▶ _EXERCISE DATA_
# # # # #
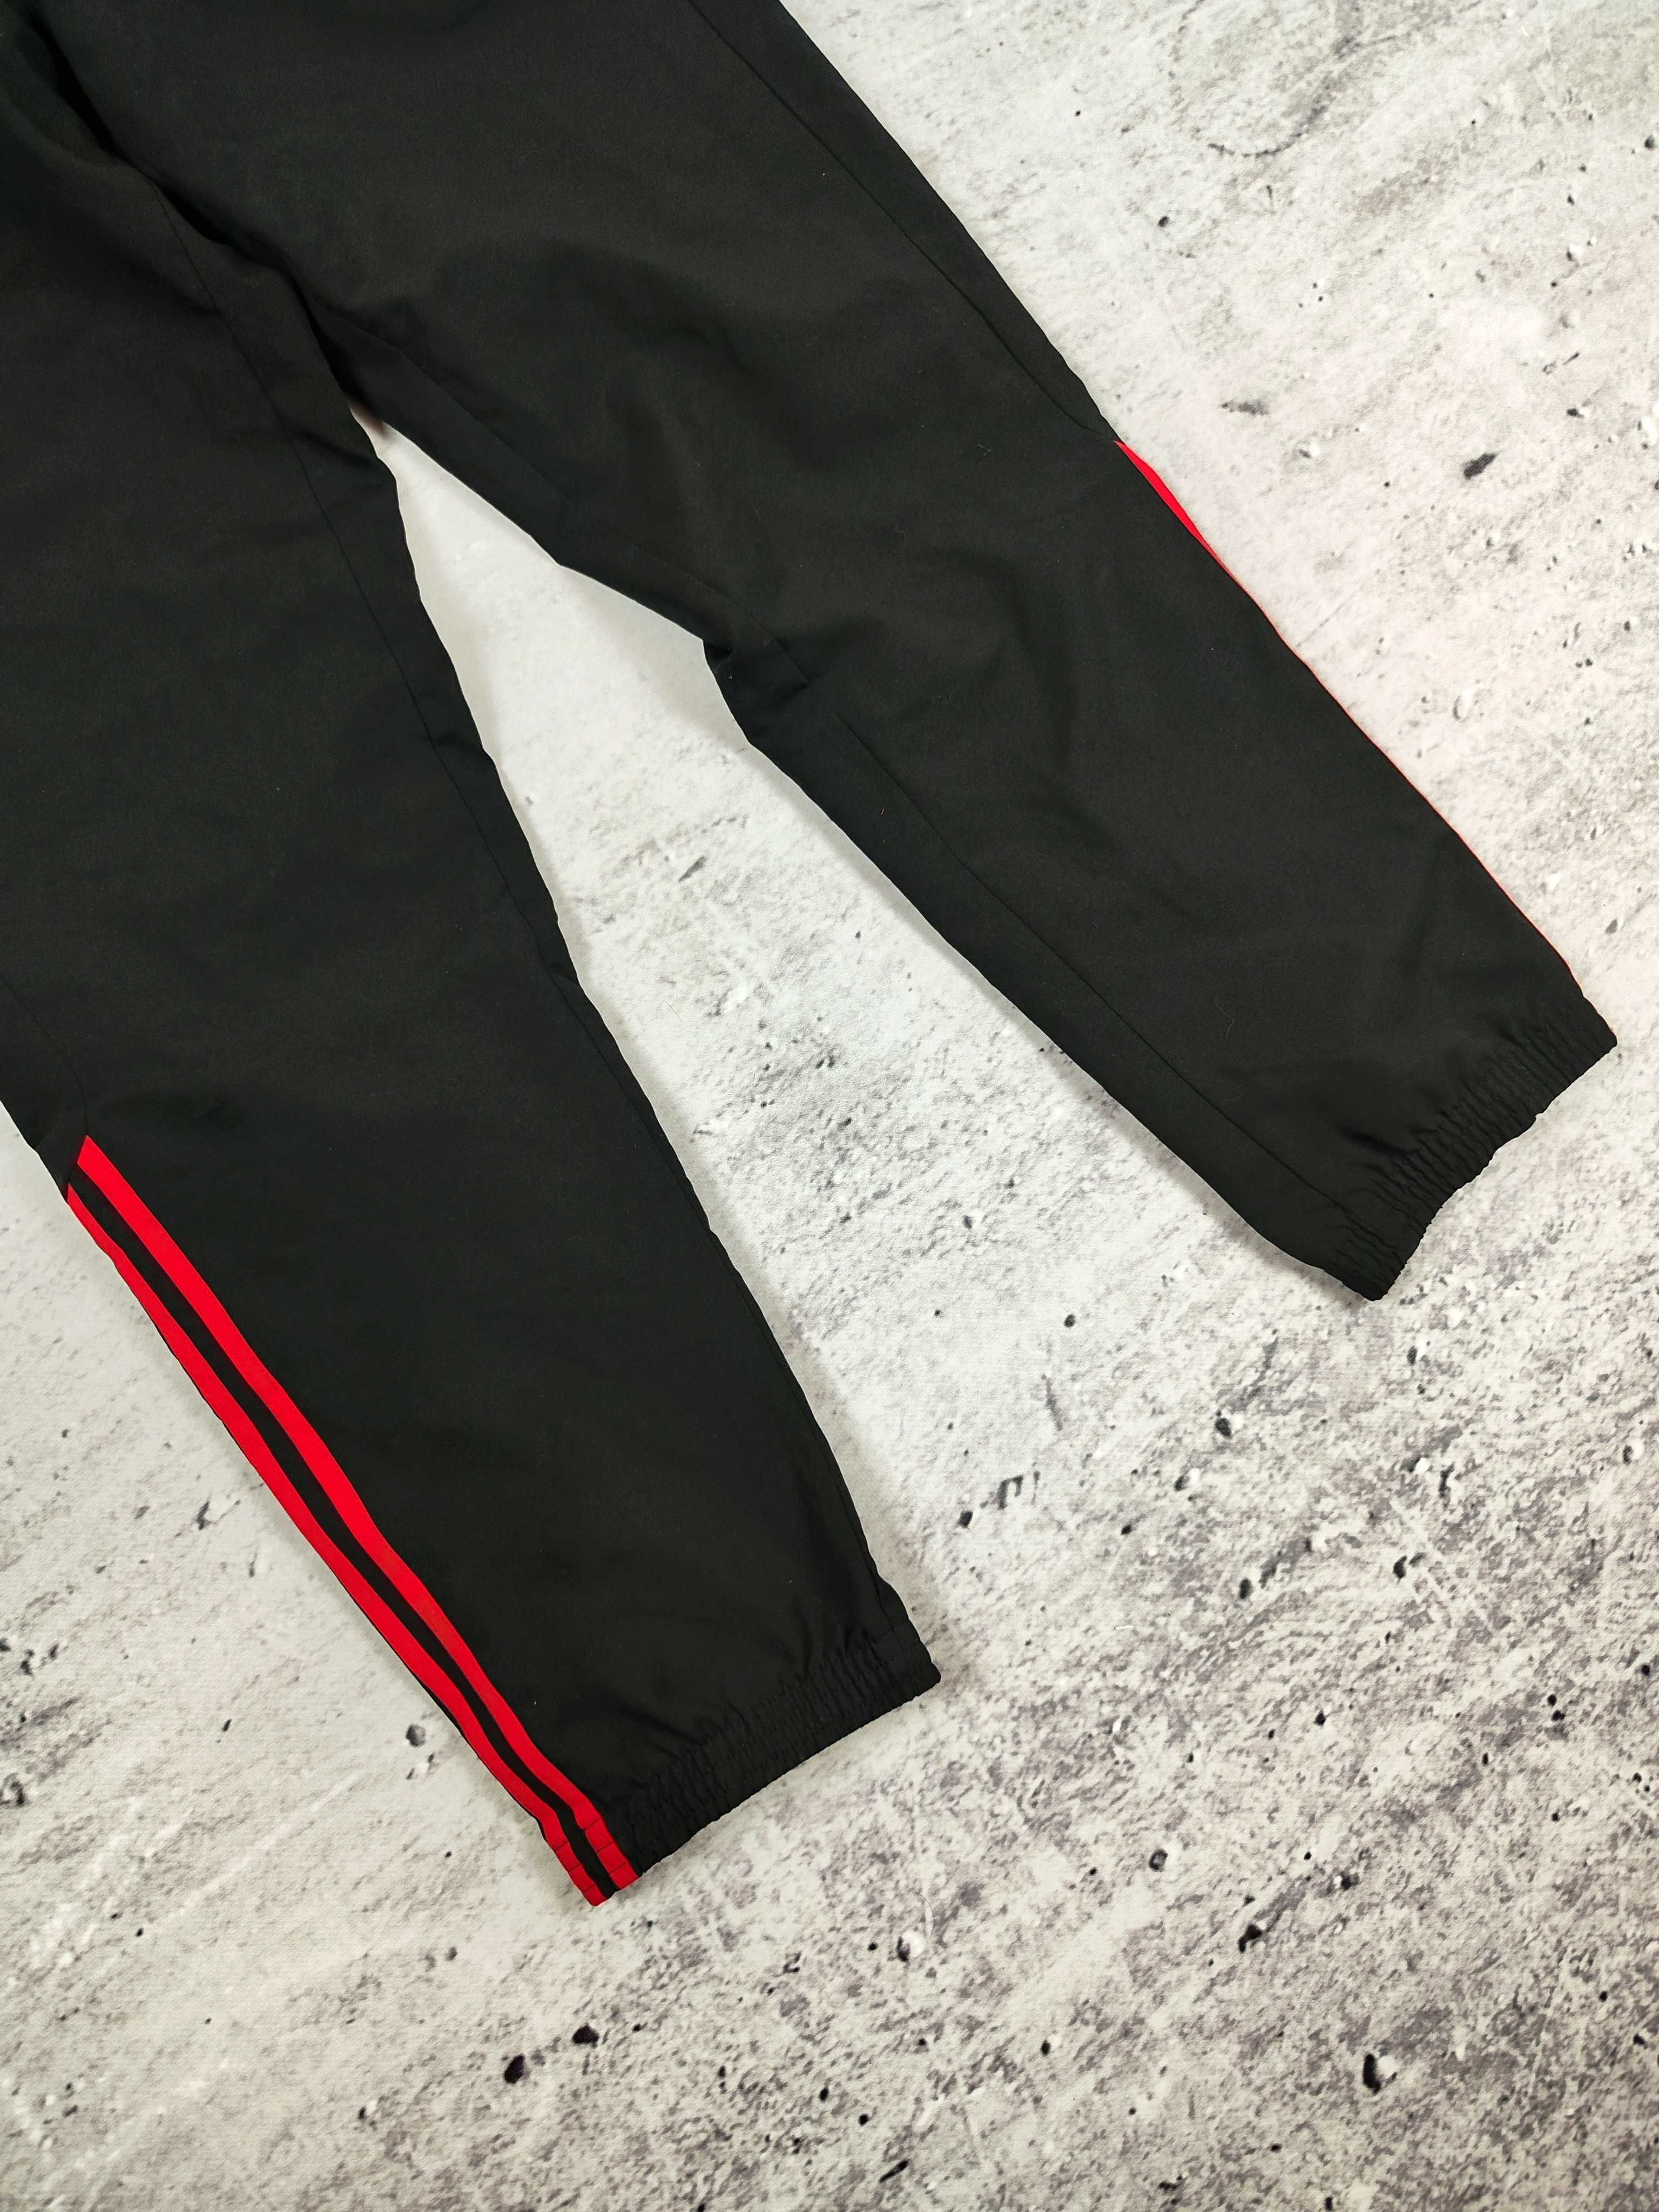 Spodnie dresowe Adidas czarne dresy streetwear 90s r. M
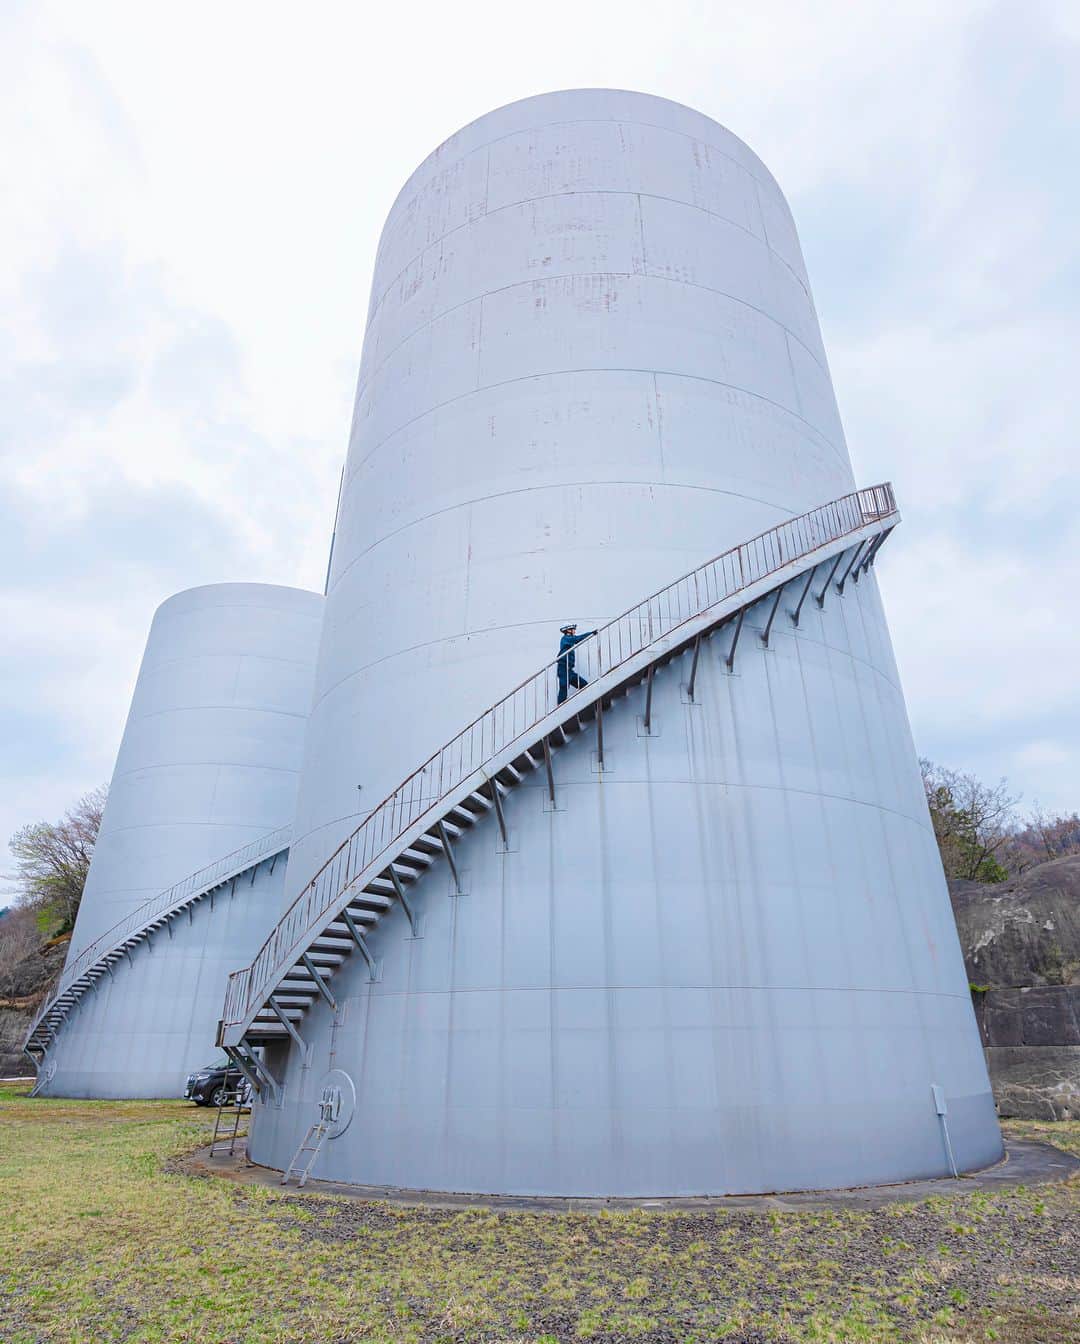 東京電力ホールディングス株式会社のインスタグラム：「玉原発電所　サージタンク Surge Tank at Tambara Hydroelectric Power Station  玉原発電所は、群馬県利根郡みなかみ町にある最大出力120万kWの揚水式水力発電所です。 このサージタンクは、貯水池と発電所の間に設置され、水車の負荷変動やバルブを開閉する時の、水圧の急激な変化を抑える働きがあります。  #東京電力 #tepco #群馬県 #発電所 #水力発電所 #再生可能エネルギー #renewableenergy #renewable #renewablepower #powerstation #powerplant #hydroelectric #hydroelectricpower #曇り空 #くもり #clouds_of_our_world #cloudscapes #cloudsky」
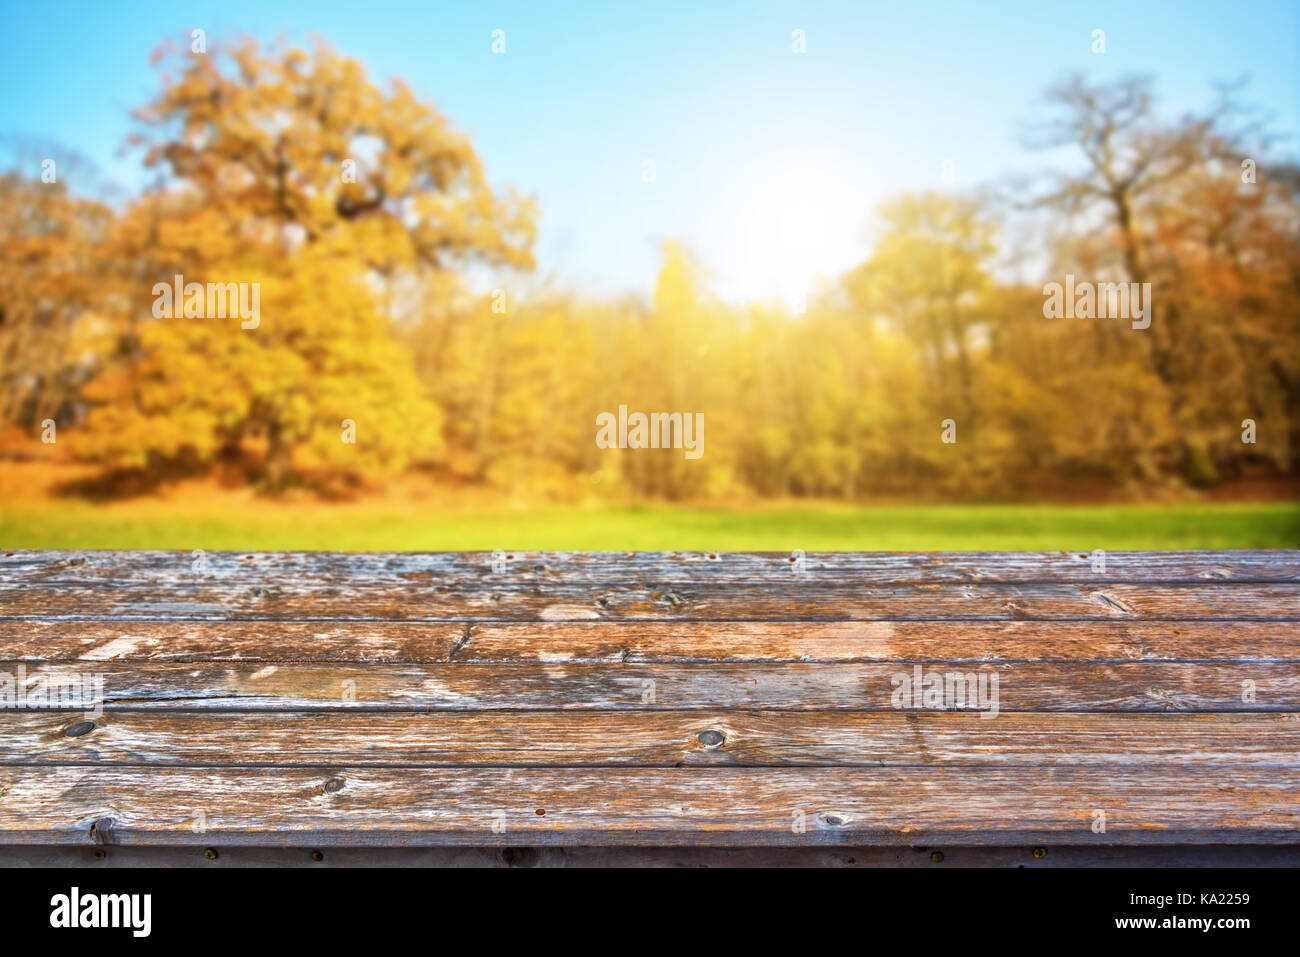 Table en bois vide haut, forêt en automne arrière-plan, prêt à utiliser pour l'affichage ou un montage de vos produits Banque D'Images
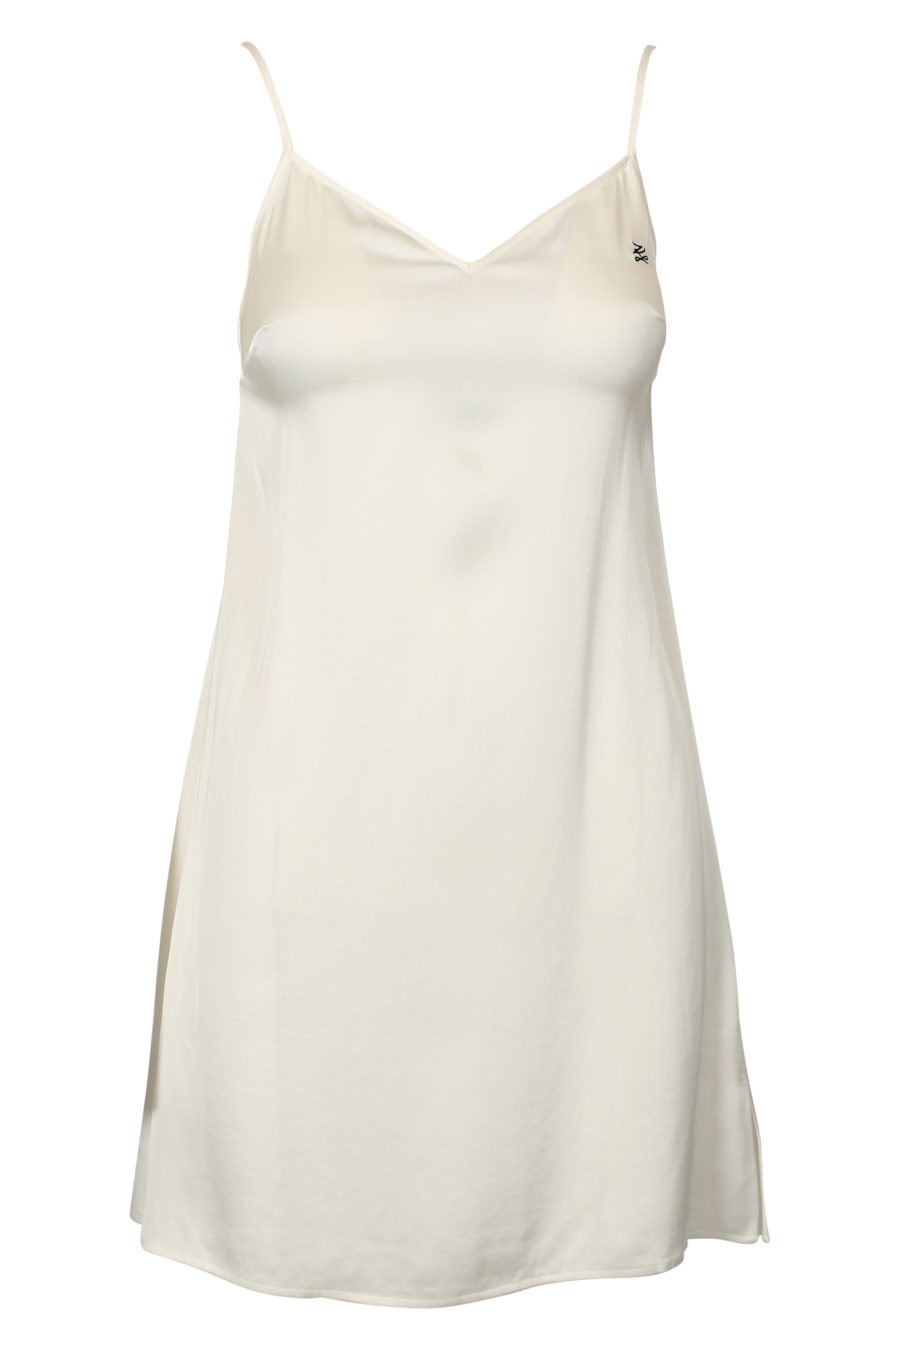 Vestido de cetim branco - IMG 3027
# # # # #
Excluding images, output exactly the lines from the one that holds "東京電力ホールディングス株式会社のインスタグラム：「玉原発電所　サージタンク Surge Tank" through the final line of the material, both ends included.

▶ _RESULT OF THE EXERCISE_
 東京電力ホールディングス株式会社のインスタグラム：「玉原発電所　サージタンク Surge Tank at Tambara Hydroelectric Power Station  玉原発電所は、群馬県利根郡みなかみ町にある最大出力120万kWの揚水式水力発電所です。 このサージタンクは、貯水池と発電所の間に設置され、水車の負荷変動やバルブを開閉する時の、水圧の急激な変化を抑える働きがあります。  #東京電力 #tepco #群馬県 #発電所 #水力発電所 #再生可能エネルギー #renewableenergy #renewable #renewablepower #powerstation #powerplant #hydroelectric #hydroelectricpower #曇り空 #くもり #clouds_of_our_world #cloudscapes #cloudsky」
 Table en bois vide haut, forêt en automne arrière-plan, prêt à utiliser pour l'affichage ou un montage de vos produits Banque D'Images
 Vestido de cetim branco - IMG 3027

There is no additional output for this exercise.